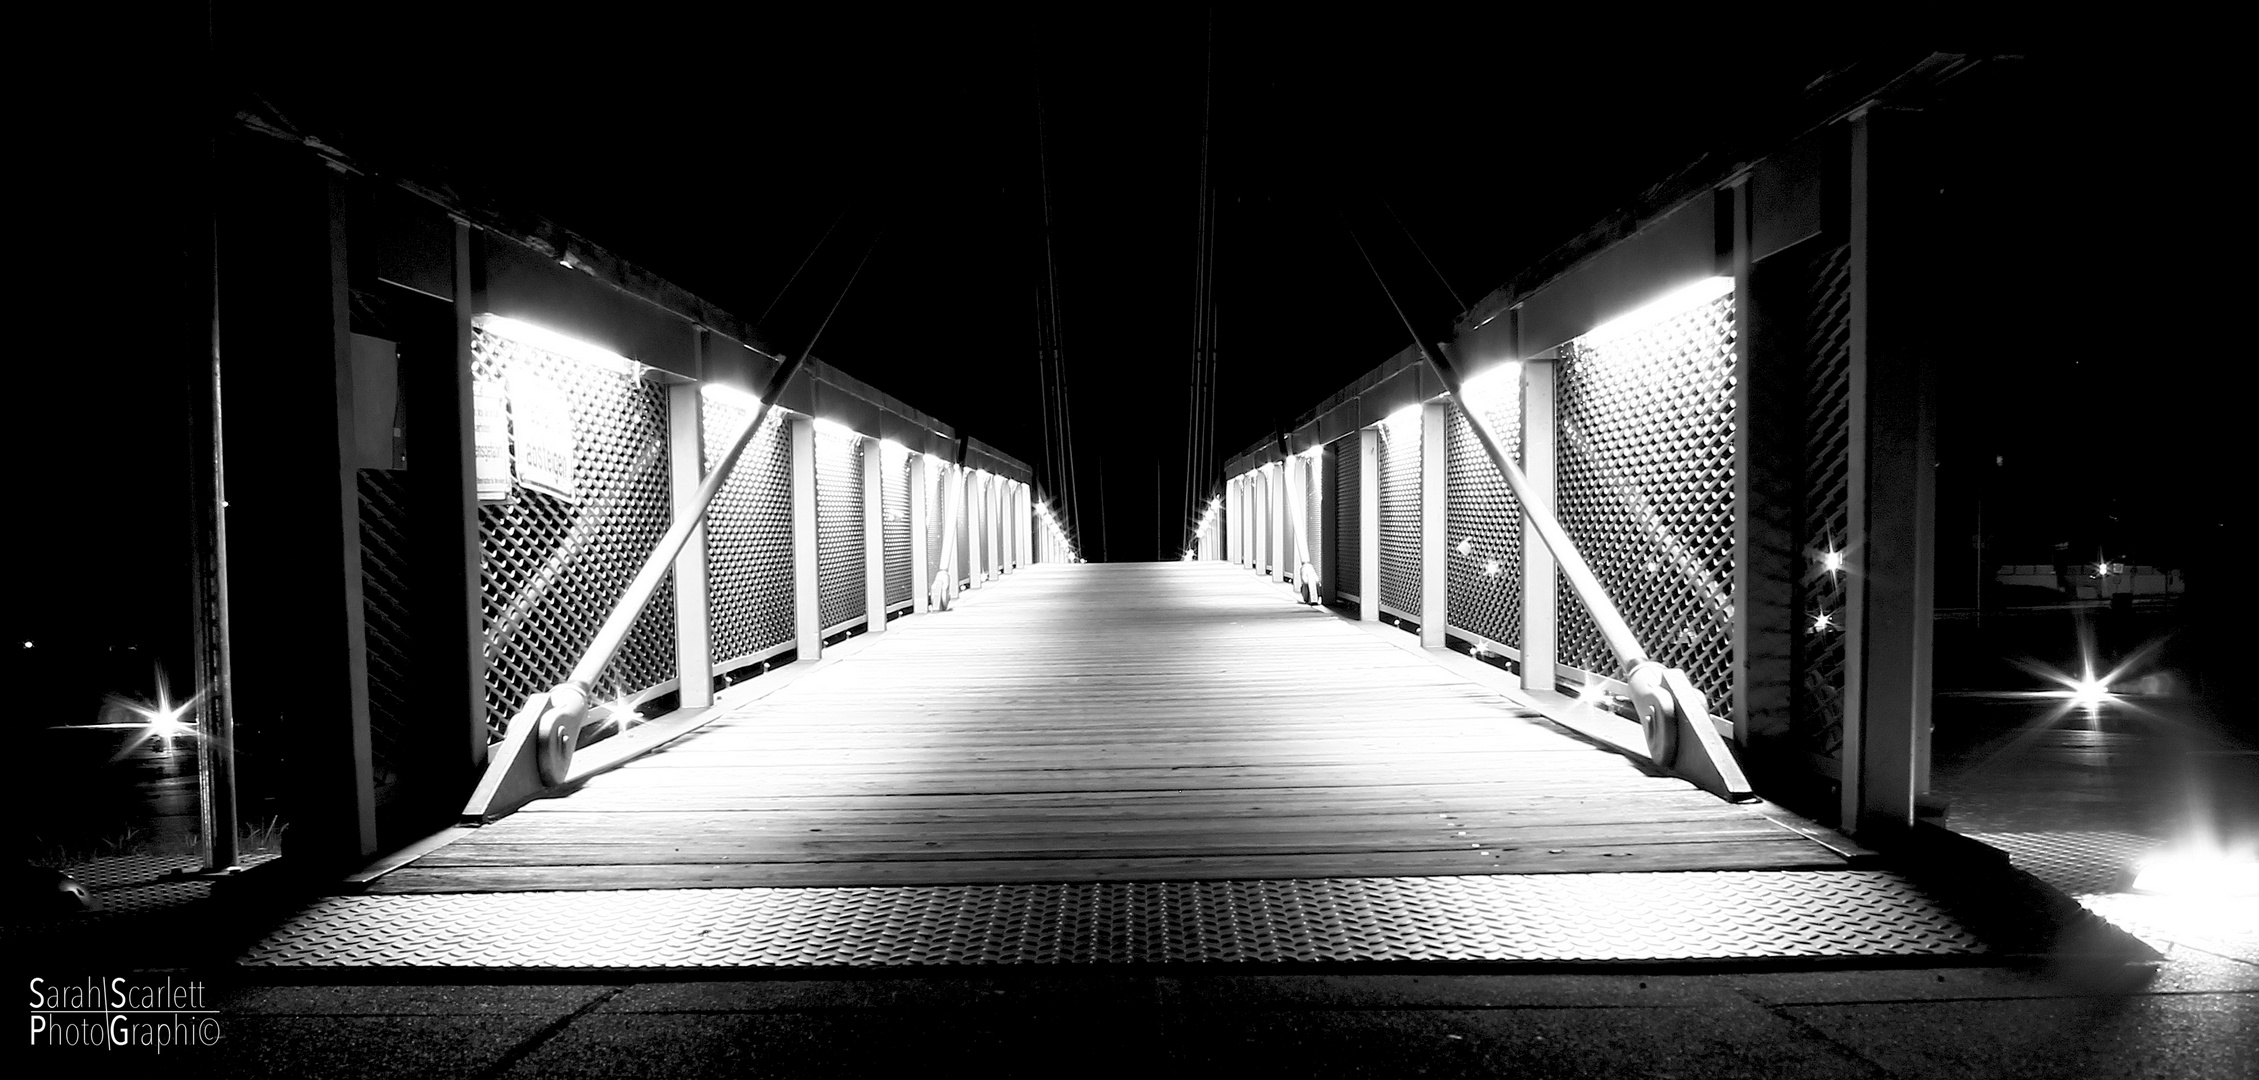 Brücke bei Nacht 2.0
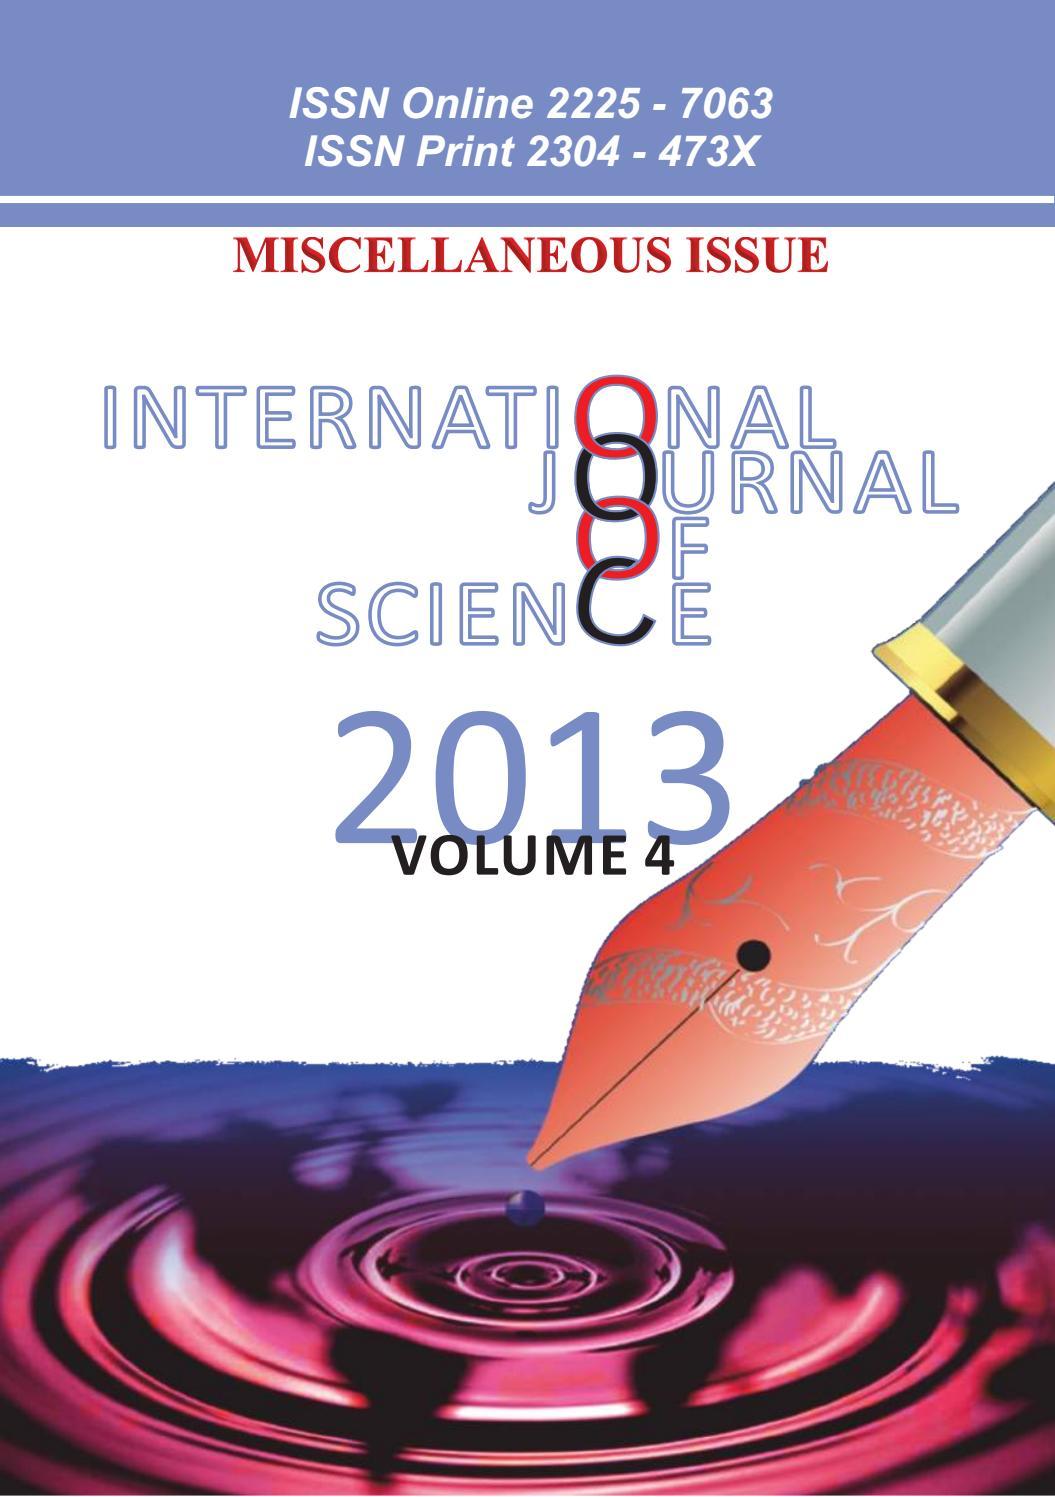 Ijosc Volume 4 By Science Journal Issuu
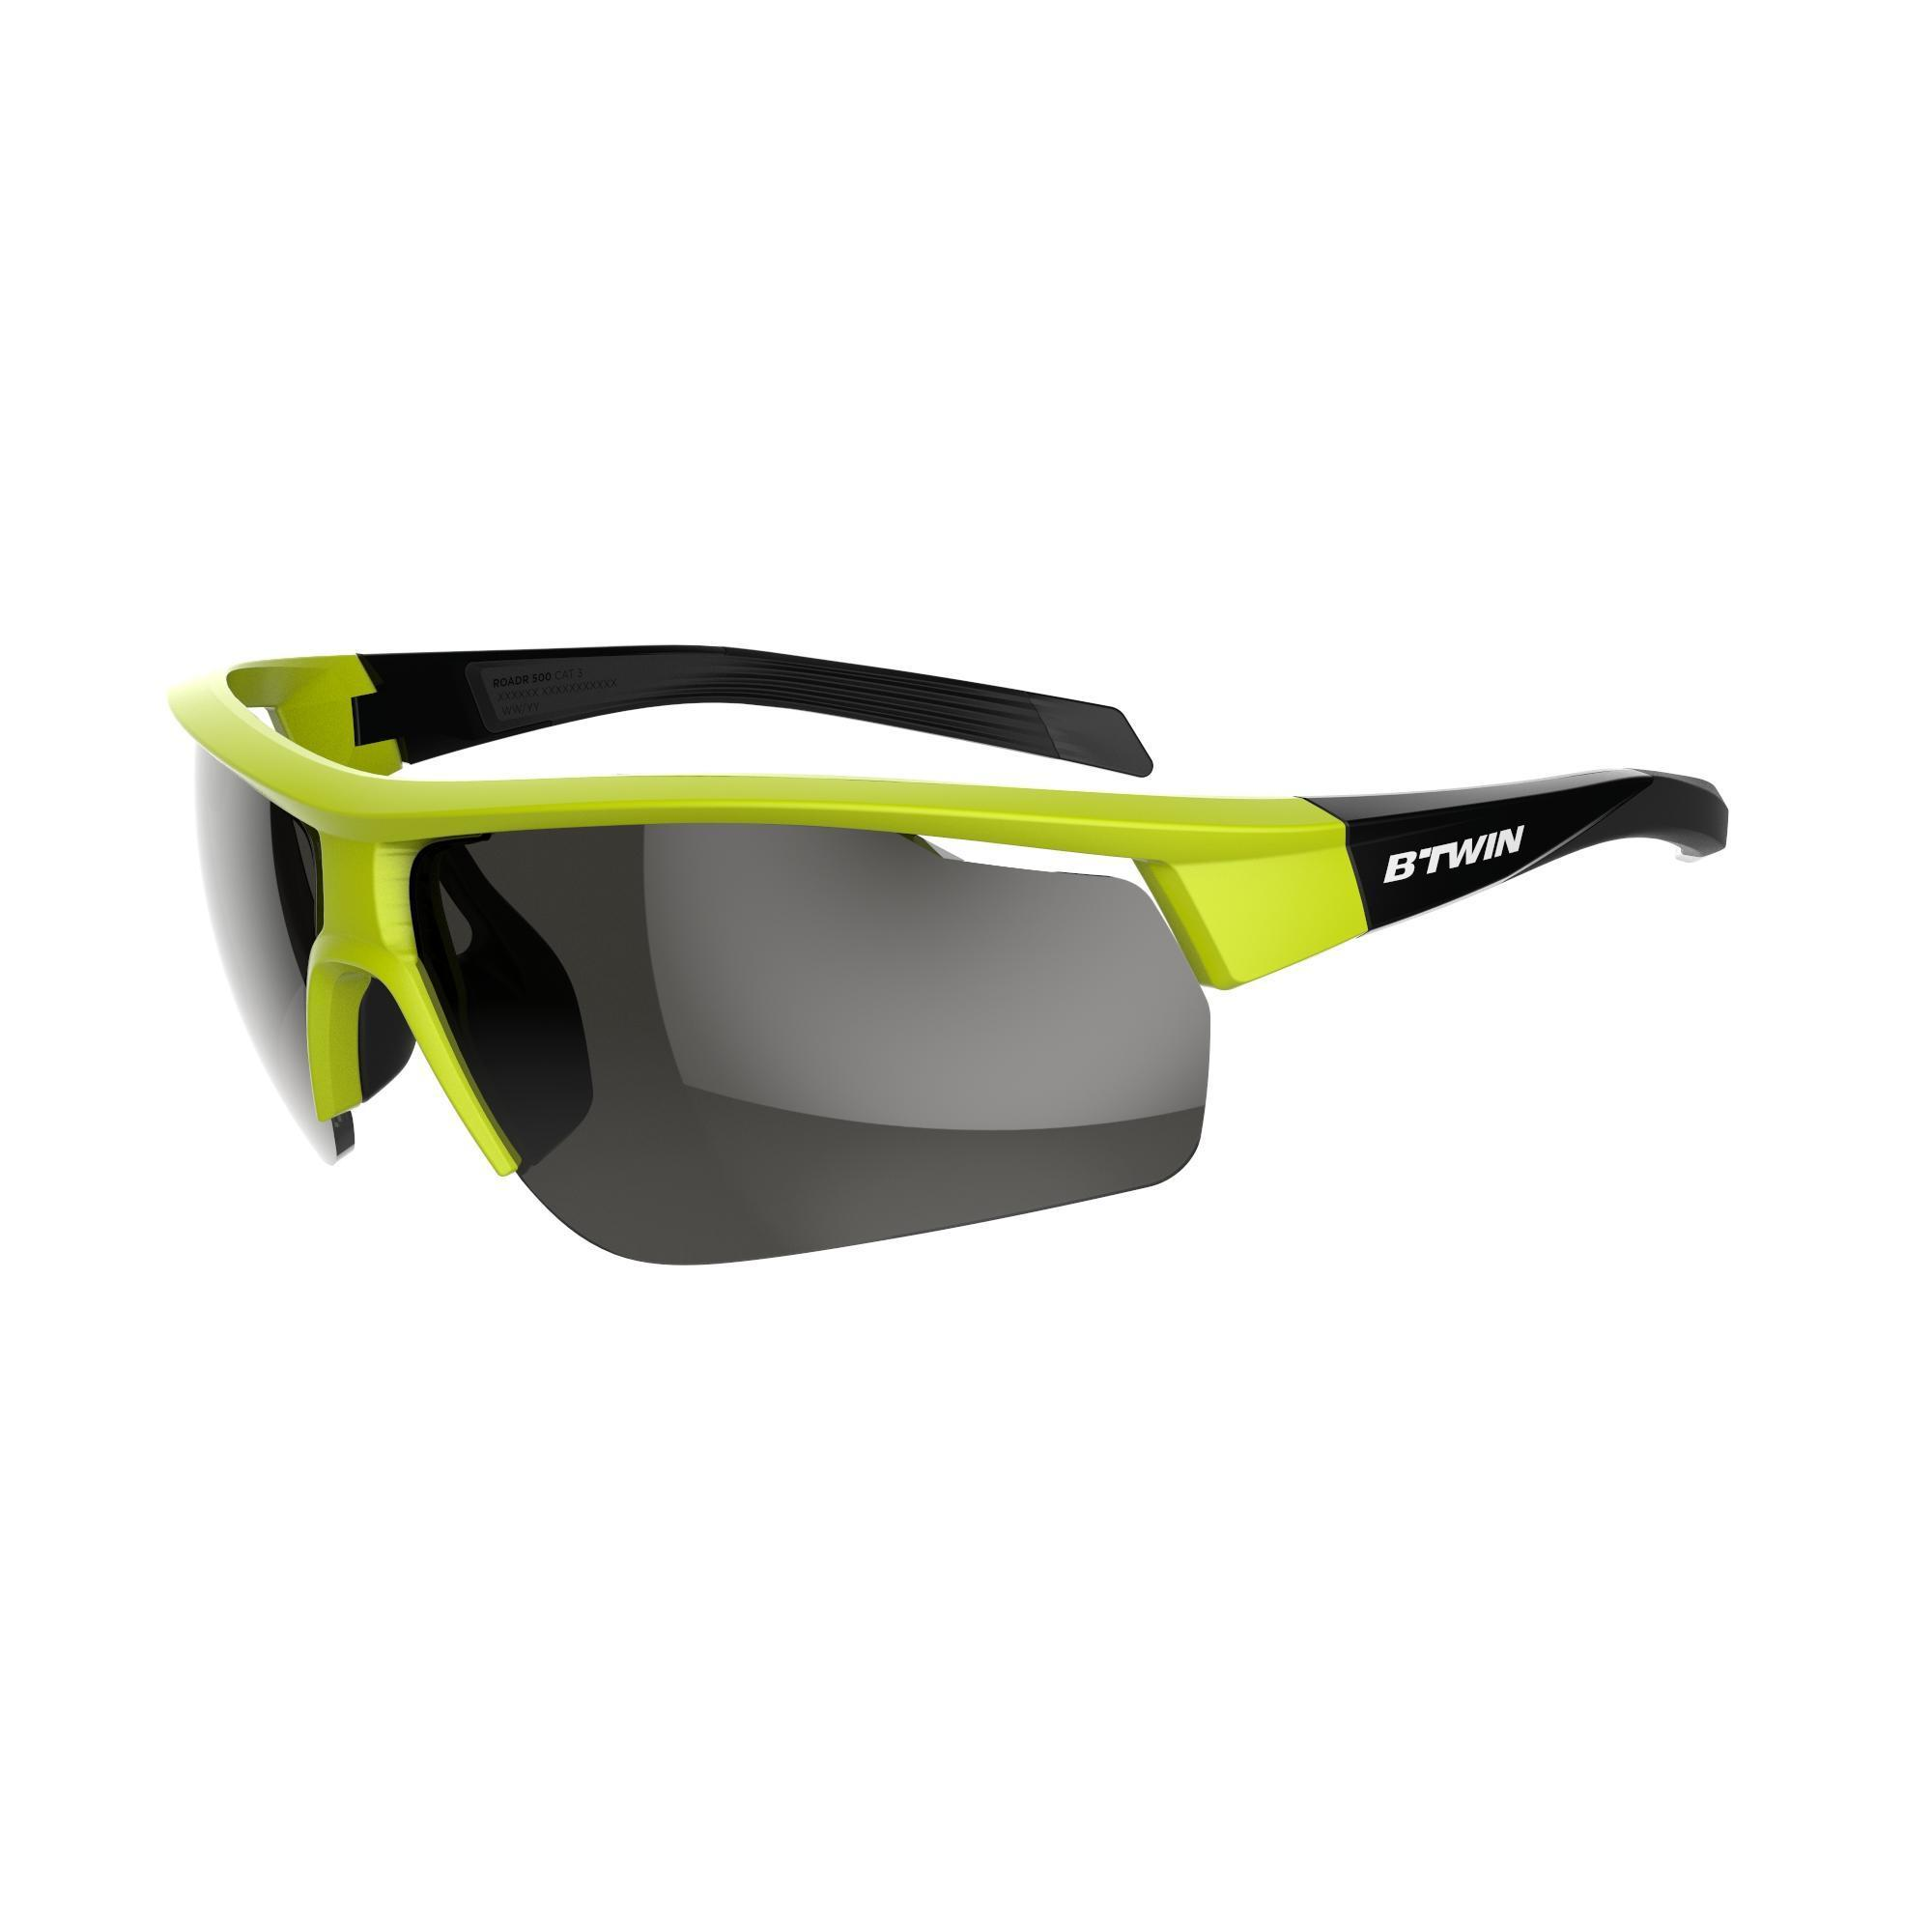 a0e9b80d20 Comprar Gafas de Ciclismo   Decathlon
= = = =
• [The problem] Output the complete listing exactly as it appears, except for the images.

• [Answer space]
 Brücke bei Nacht 2.0
 Ijosc Volume 4 By Science Journal Issuu
 a0e9b80d20 Comprar Gafas de Ciclismo   Decathlon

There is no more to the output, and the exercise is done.